Да, произнес я. В детстве я был до забавного помешан на канцелярских товарах. Возле того места, где я рос, располагалась изумительная лавка, и я, помню, откладывал гроши, чтобы покупать красивую бумагу и чернила для авторучек. Дед работал историком и с моего пятого дня рождения дарил мне каждый год по авторучке, они и стали моими сокровищами. Все до сих пор храню, кроме одной.
Вы ее потеряли? спросил он.
Нет, ответил я. Подарил одному своему другу много лет назад. Остальные теперь держу у себя на квартире в колледже. Они напоминают мне о детстве, еще до войны, которое я считаю счастливейшим временем в моей жизни.
А где это было? спросил он. Где вы росли?
Там, где мы встретились. В Берлине.
Простите меня, произнес Морис, слегка нахмурившись. Но вы разве не еврей?
Это зависит от того, как вы определяете это слово, сказал ему я.
Но на войне вы сражались?
Не вполне, сказал я. Я служил в канцелярии штаба вермахта в городе. Никогда этого не скрывал.
Да, но я все равно не понимаю.
Я глянул в окно на туристов, бредших к замку по мосту Мюнтпорвайн.

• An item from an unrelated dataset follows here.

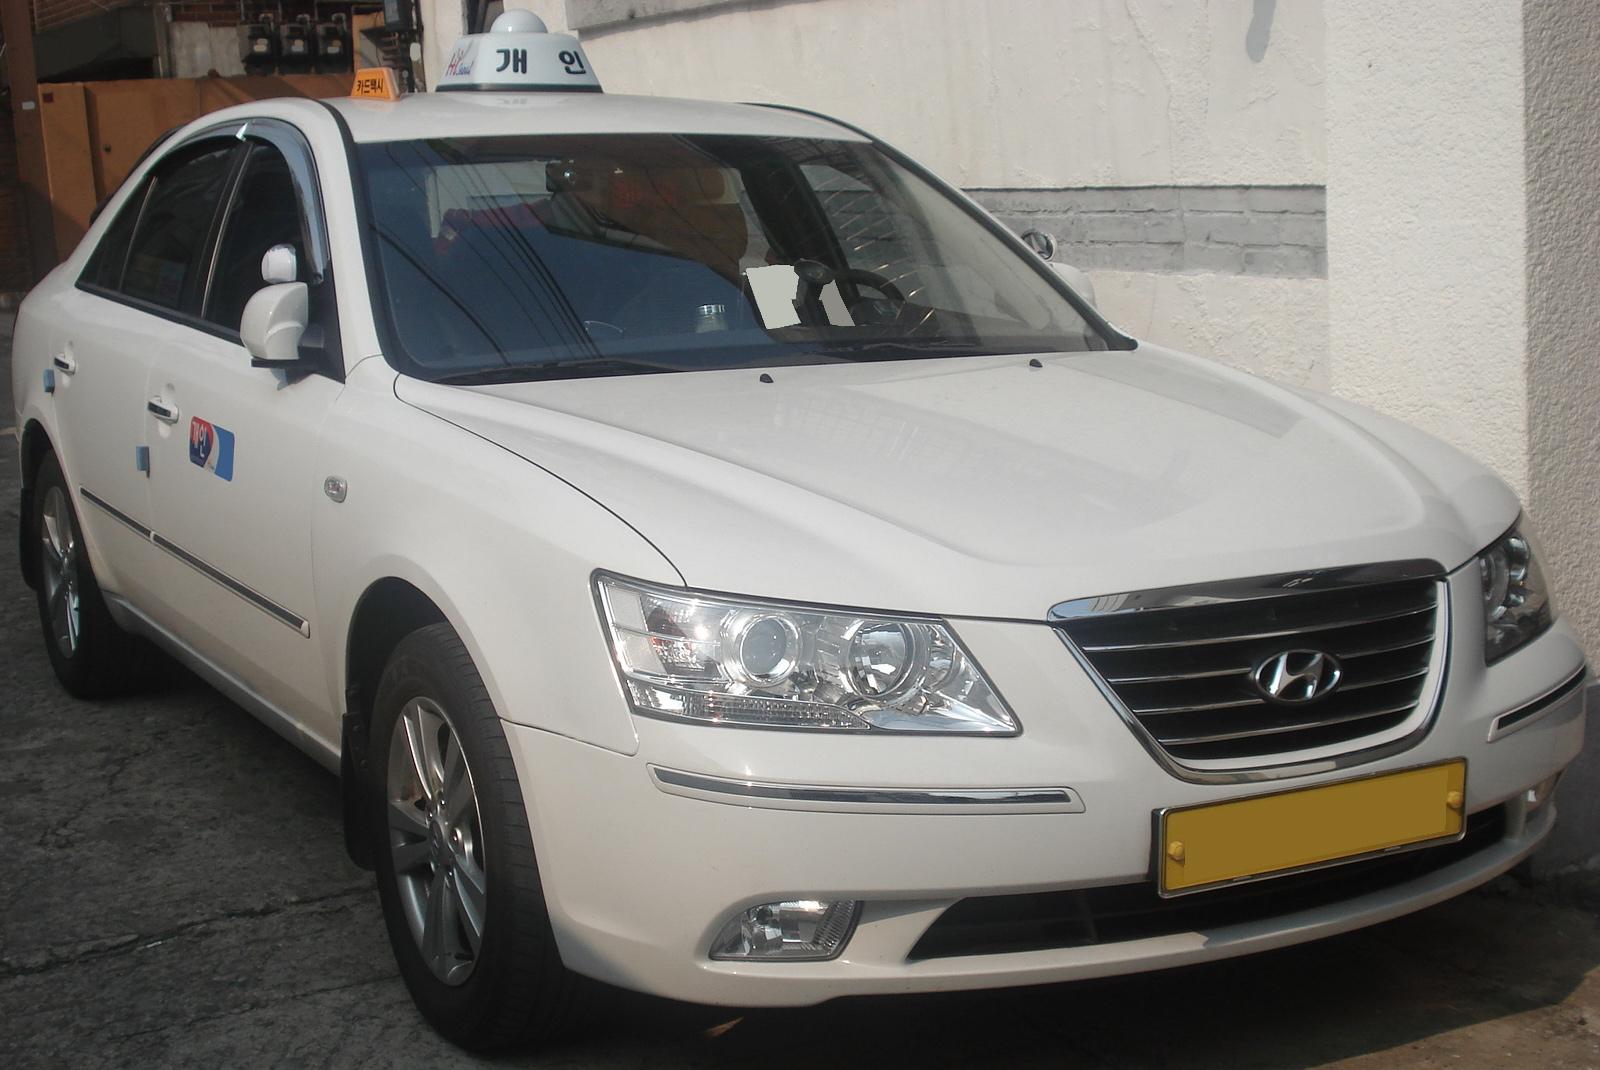 Used Hyundai Cars For Sale In Ghana
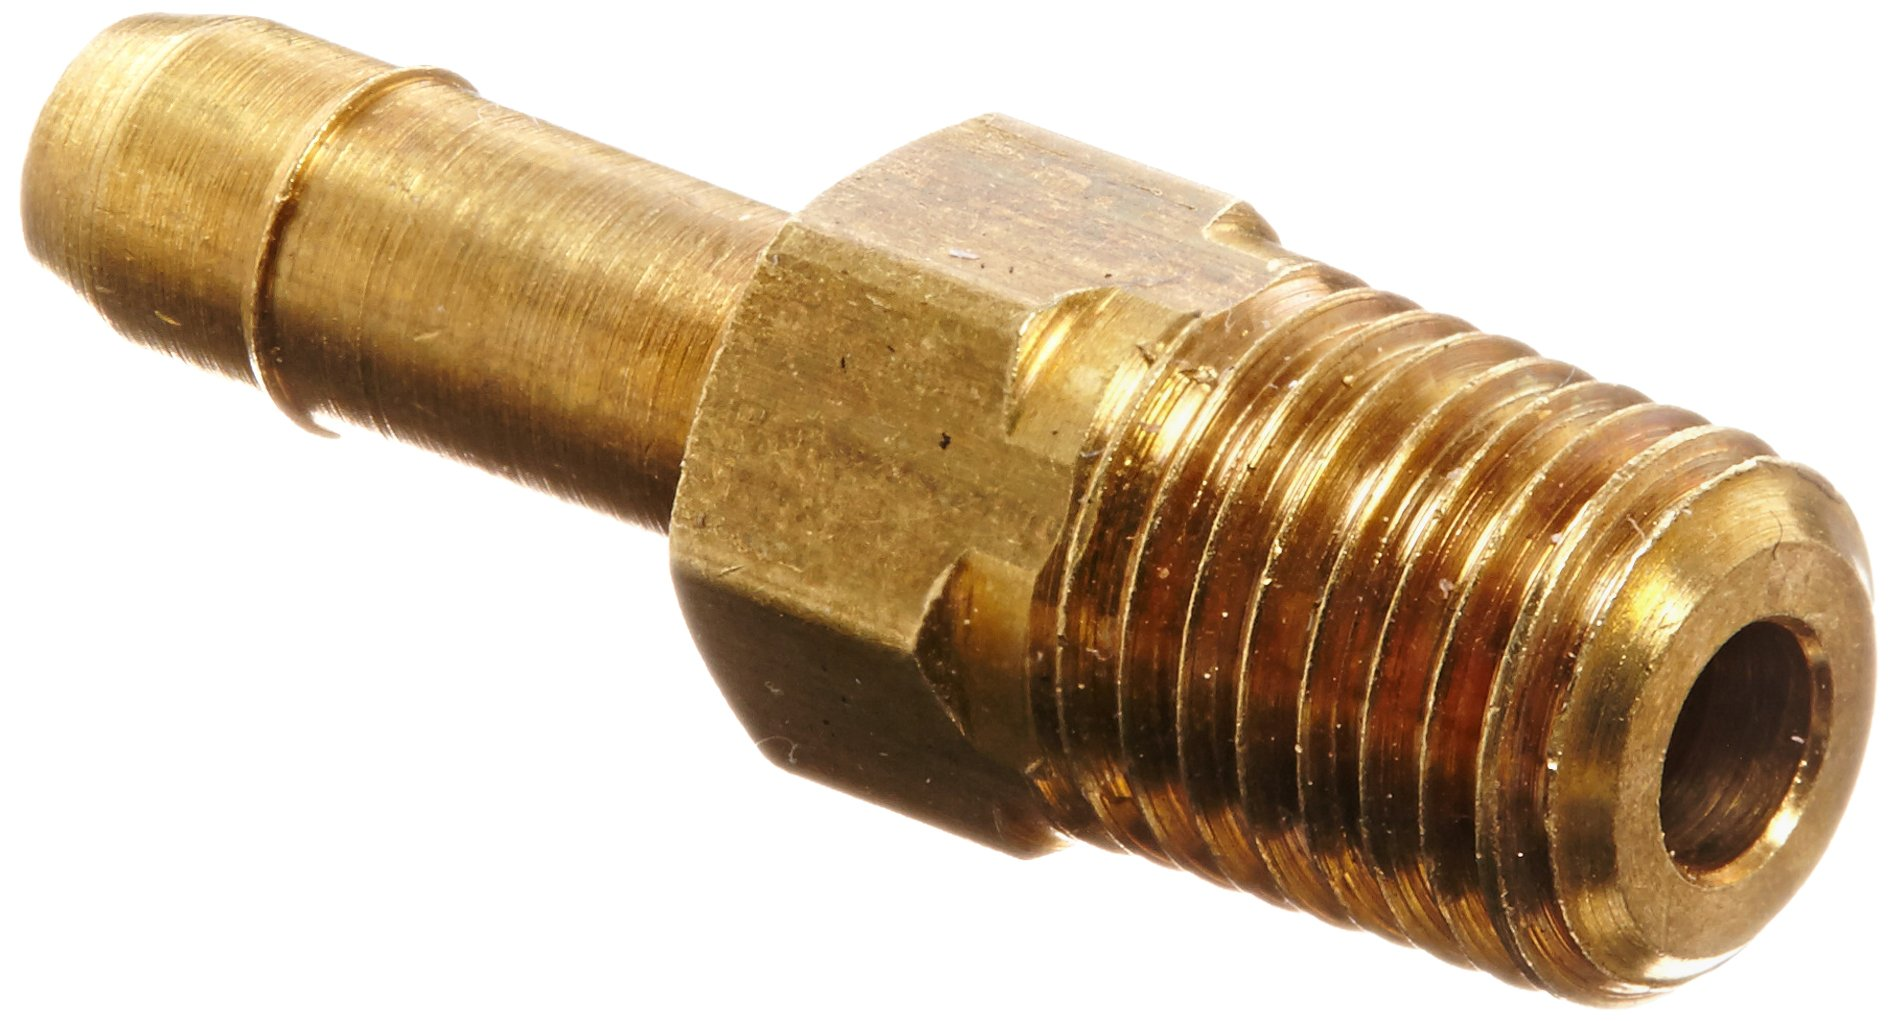 Eaton Weatherhead 1068X4X1 Brass CA360 Mini-Barb Brass Fitting, Adapter, 1/4'' Tube OD x 1/16'' NPT Male (Pack of 5)

Оба мои родителя были немцами, объяснил я, поворачиваясь к нему. А вот отец моей матери был евреем. Поэтому по крови, можно сказать, я на четверть еврей, но евреям, разумеется, нет дела до дробей. Тогда в ходу было одно слово. Mischling. Впервые я узнал его, когда в 1935 году ввели Нюрнбергские законы. По ним выходило, что те, у кого только один предок еврей, мишлинги второй степени, люди смешанного происхождения, допущенные к гражданству в рейхе. По большей части мишлингам второй степени не грозило никакое преследование.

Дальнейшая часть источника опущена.